My guess is that they meant both panels together (6.92 m2) generate a peak of 770 watts at 1 AU without atmospheric losses, which would put the efficiency at around 23%, which seems believable.

It would help if I actually read my own link properly.

Thanks Mike, that's exactly correct.

I love graphs like this. Though I thought this thread might be about the basketball team, from the name.

The spirit of the MERs is still with us. We want to see more of this scenery, the changing seasons, and have it go on and on. But this site was chosen as a place which is almost dimensionless in time and space. That's a sea of ice underfoot and aside from the polygons and some pebbles, this area is isotropic all the way to the horizon. Phoenix's whole mission will essentially be one long weatherless day with nothing happening to its right, its left, its front or its back. The story is in the nuclei of the atoms underfoot. How long has the ice on the surface of the sub-dust layer been there -- since the last change of seasons, the last change in obliquity, or since the planet was put together from its building blocks? We're sitting on a crime scene with no body, no weapon... just lots of fingerprints. For me, the mission hasn't started until TEGA and MECA have their measurements and then it will essentially be done.

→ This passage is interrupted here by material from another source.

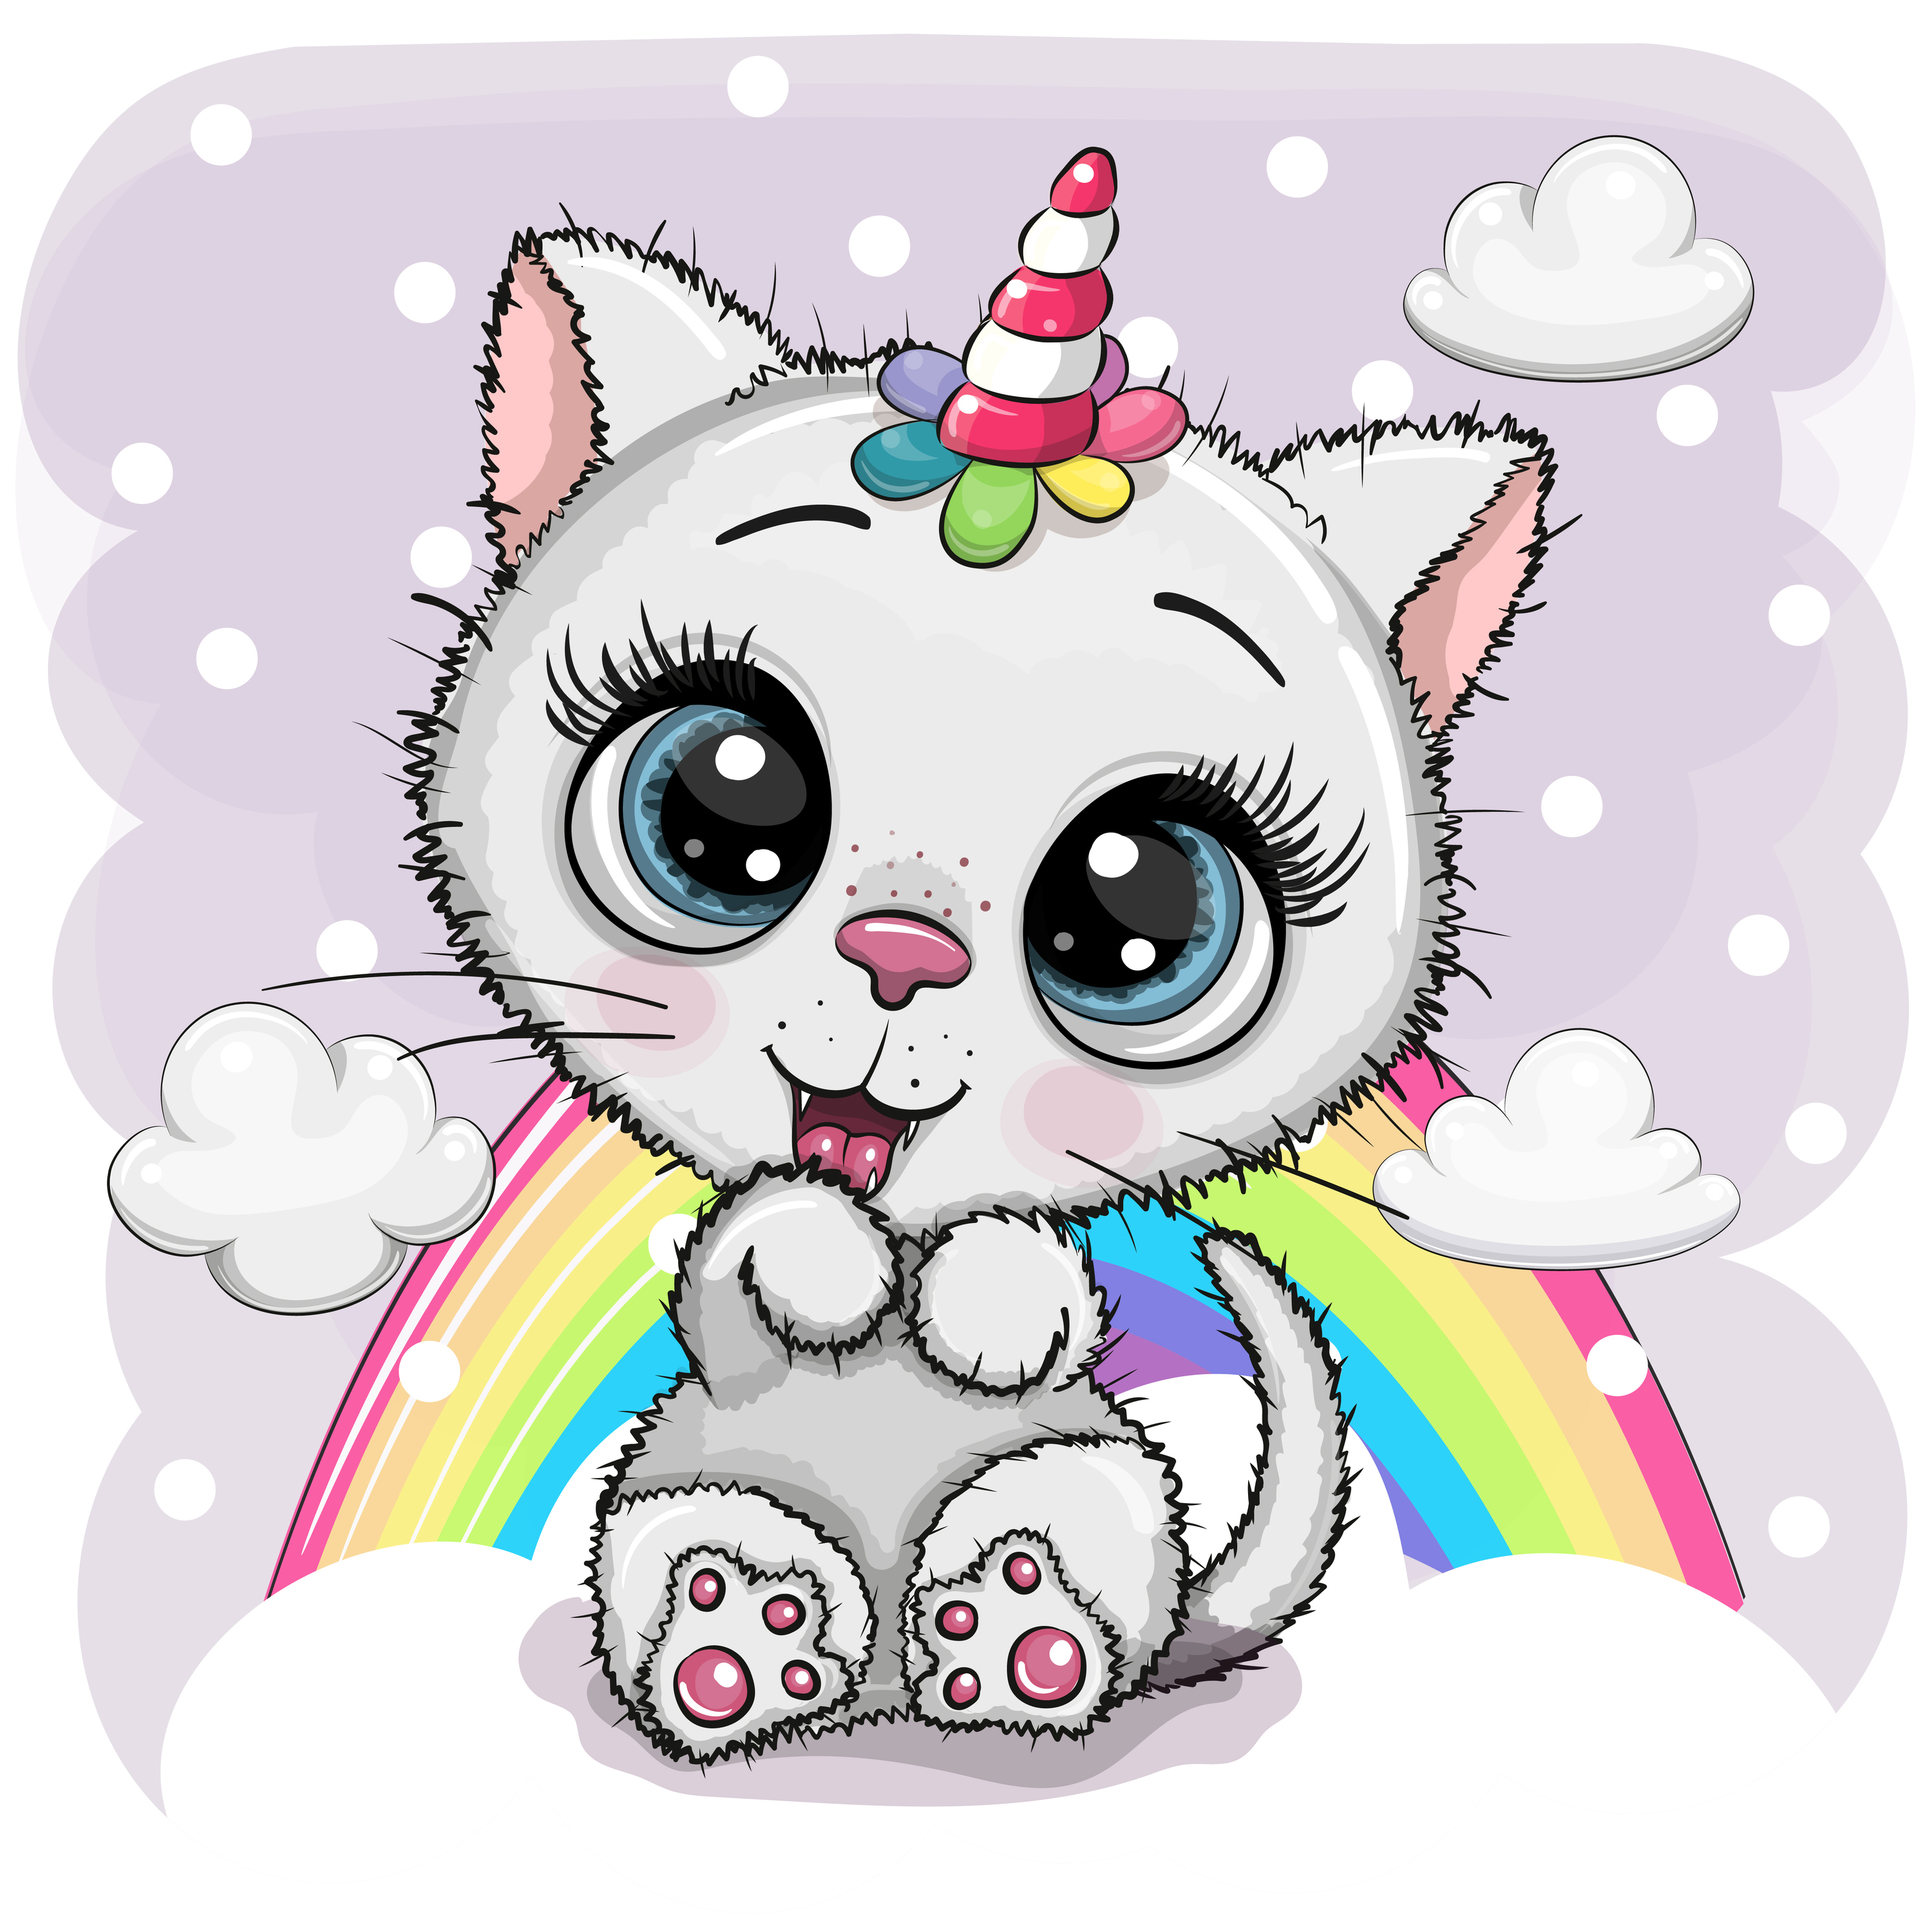 Cute Cartoon White Kitten With The Horn Of A Unicorn On Clouds - Kramer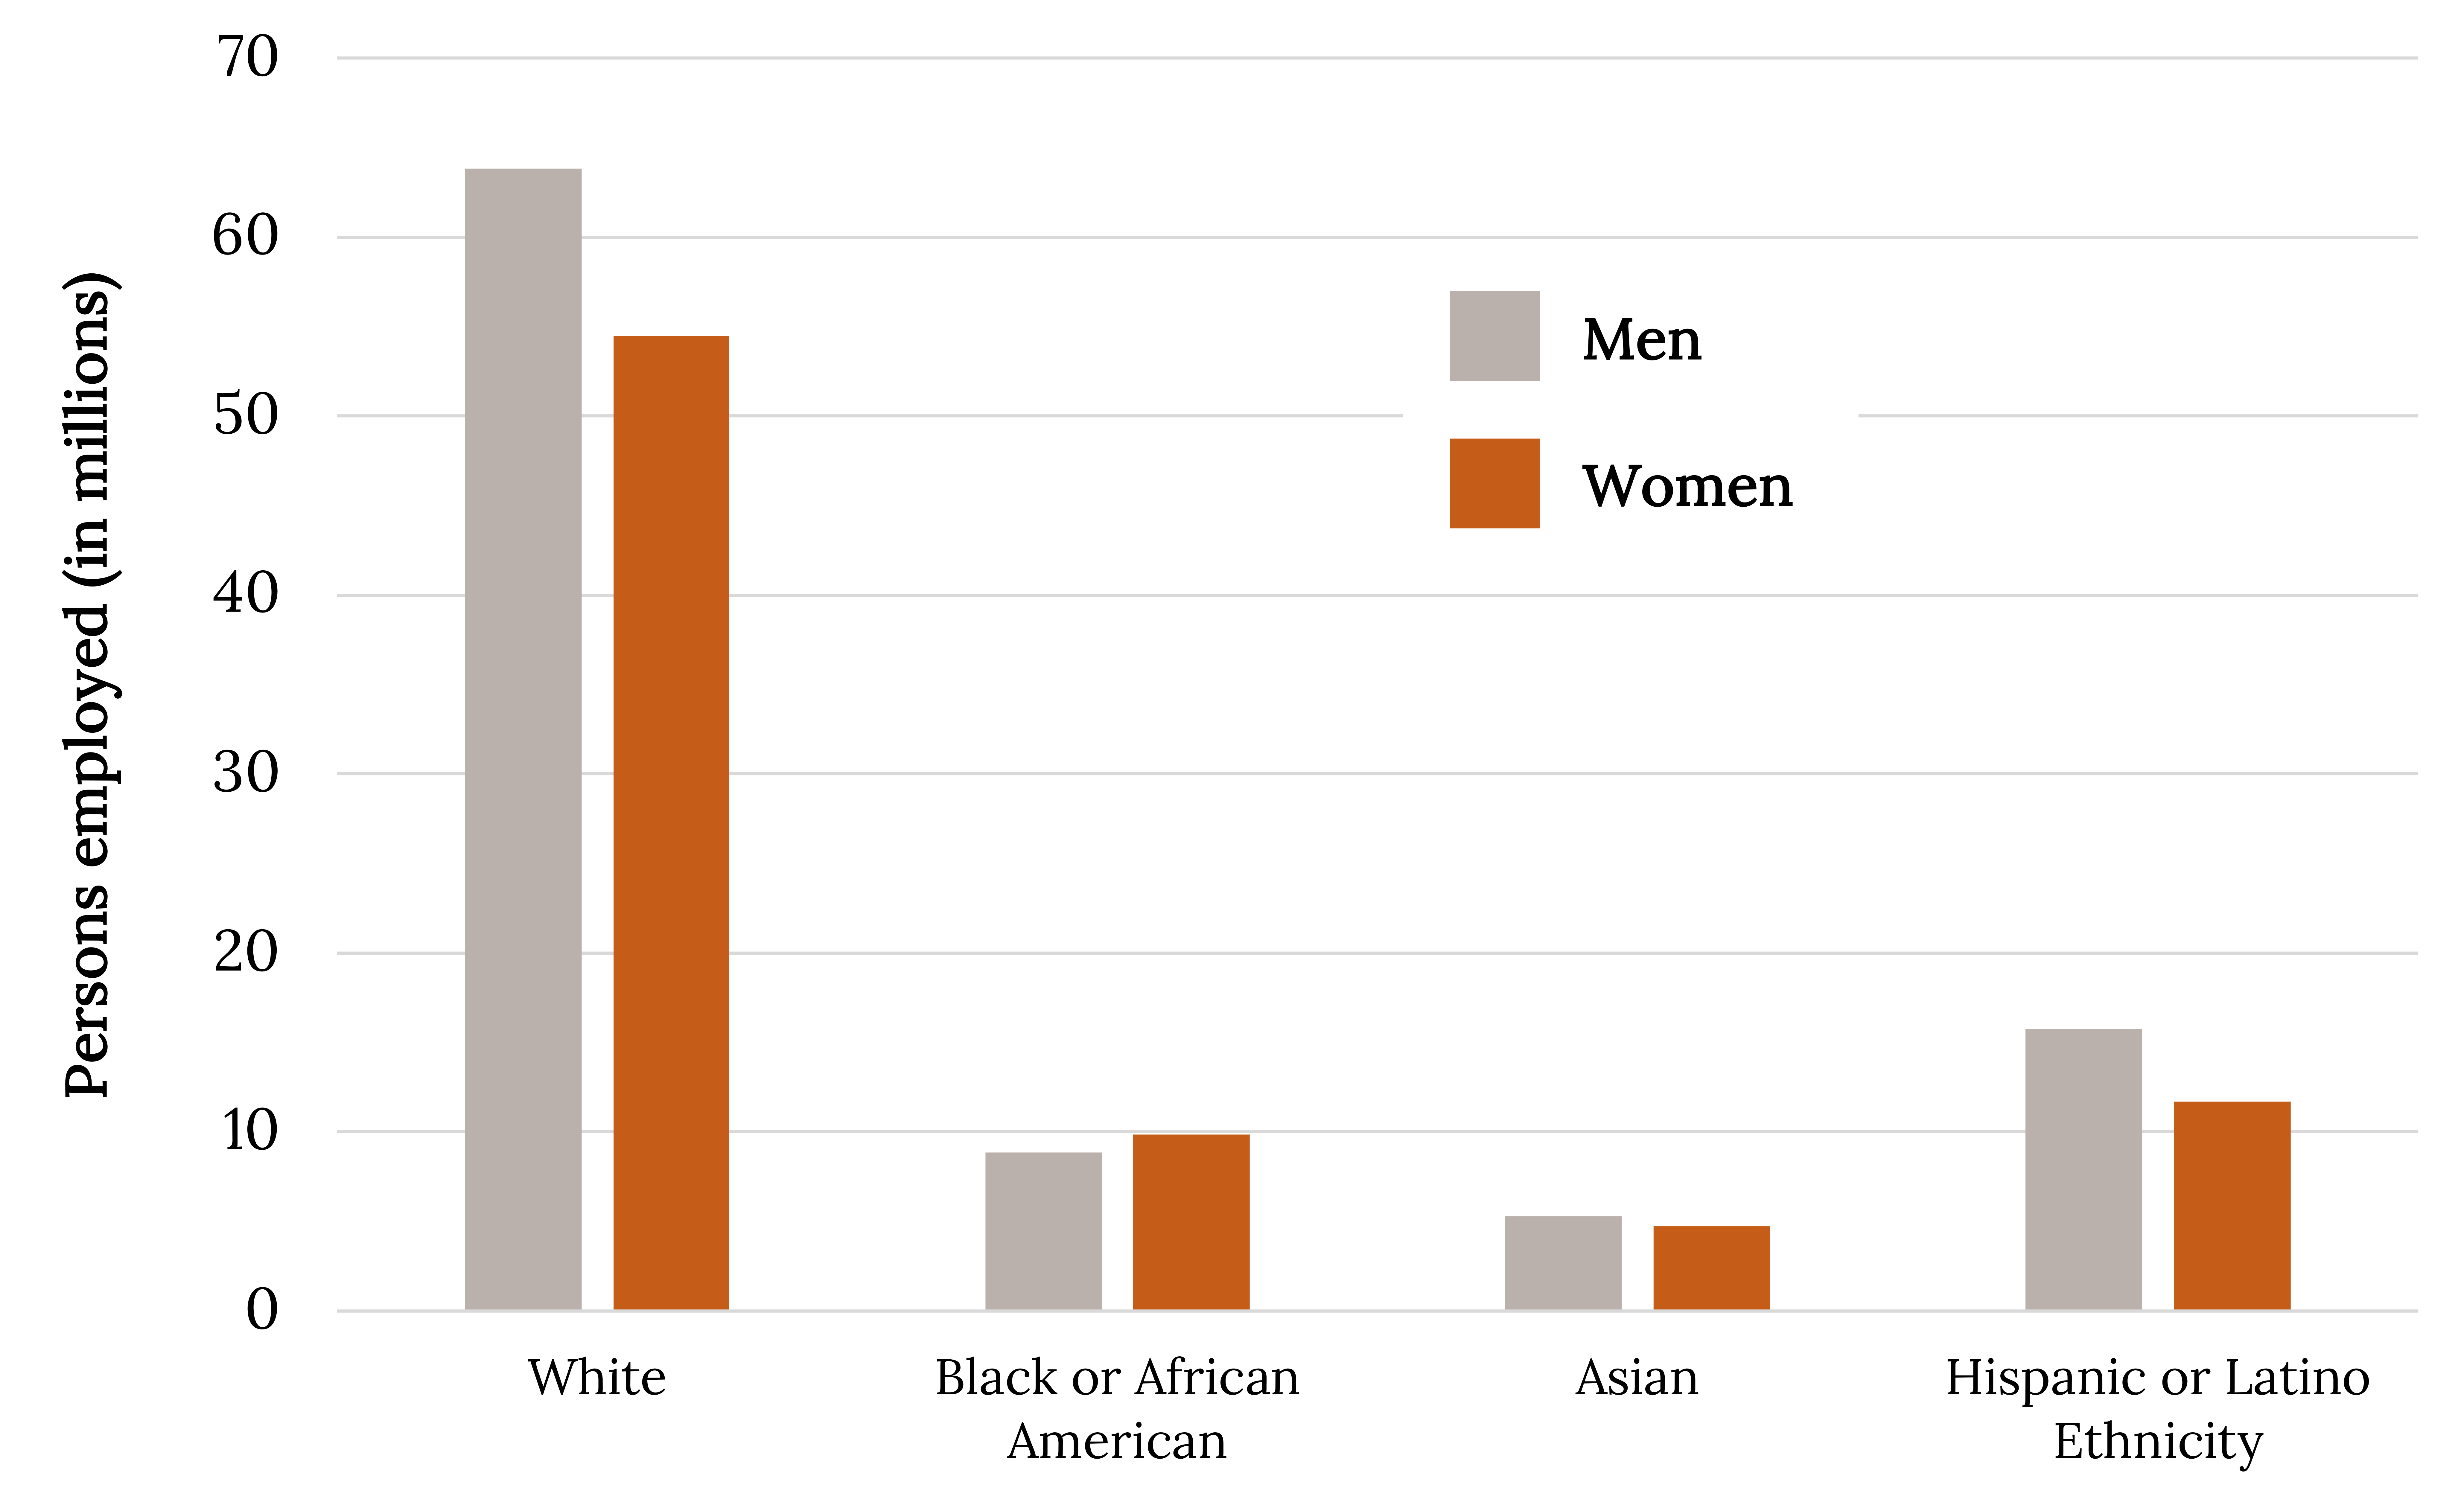 Vertical bar chart showing the amount of women and men employed by their ethnicity/race. The largest category is White and is around 65 million employees. Hispanic/Latino: 15 million. Black/African American: 10 million. Asian: 5 million. There are more men employed than women for every race except Black/African American.

If the D:H of the ice is sufficiently different than that of the atmosphere, we'll basically have a synopsis of the last billion as well as the next billion years of this site, which would be: No change. Nothing new for the cameras to reveal if it woke up the next spring or 5000 springs from now.

If the D:H matches the atmosphere, then we can wonder what we'd be missing if we dug trenches at odd intervals throughout the seasons.

Beyond that, we have lots of MOC imagery of these latitudes from the winter. If you want to see what's coming:

http://www.msss.com/moc_gallery/r16_r21/fu...17/R1702309.jpg

You mean the Mars Science Lab rover?

I found this http://www.fabtech.org/content/view/6540/ which says the panel efficiency is 28.3%.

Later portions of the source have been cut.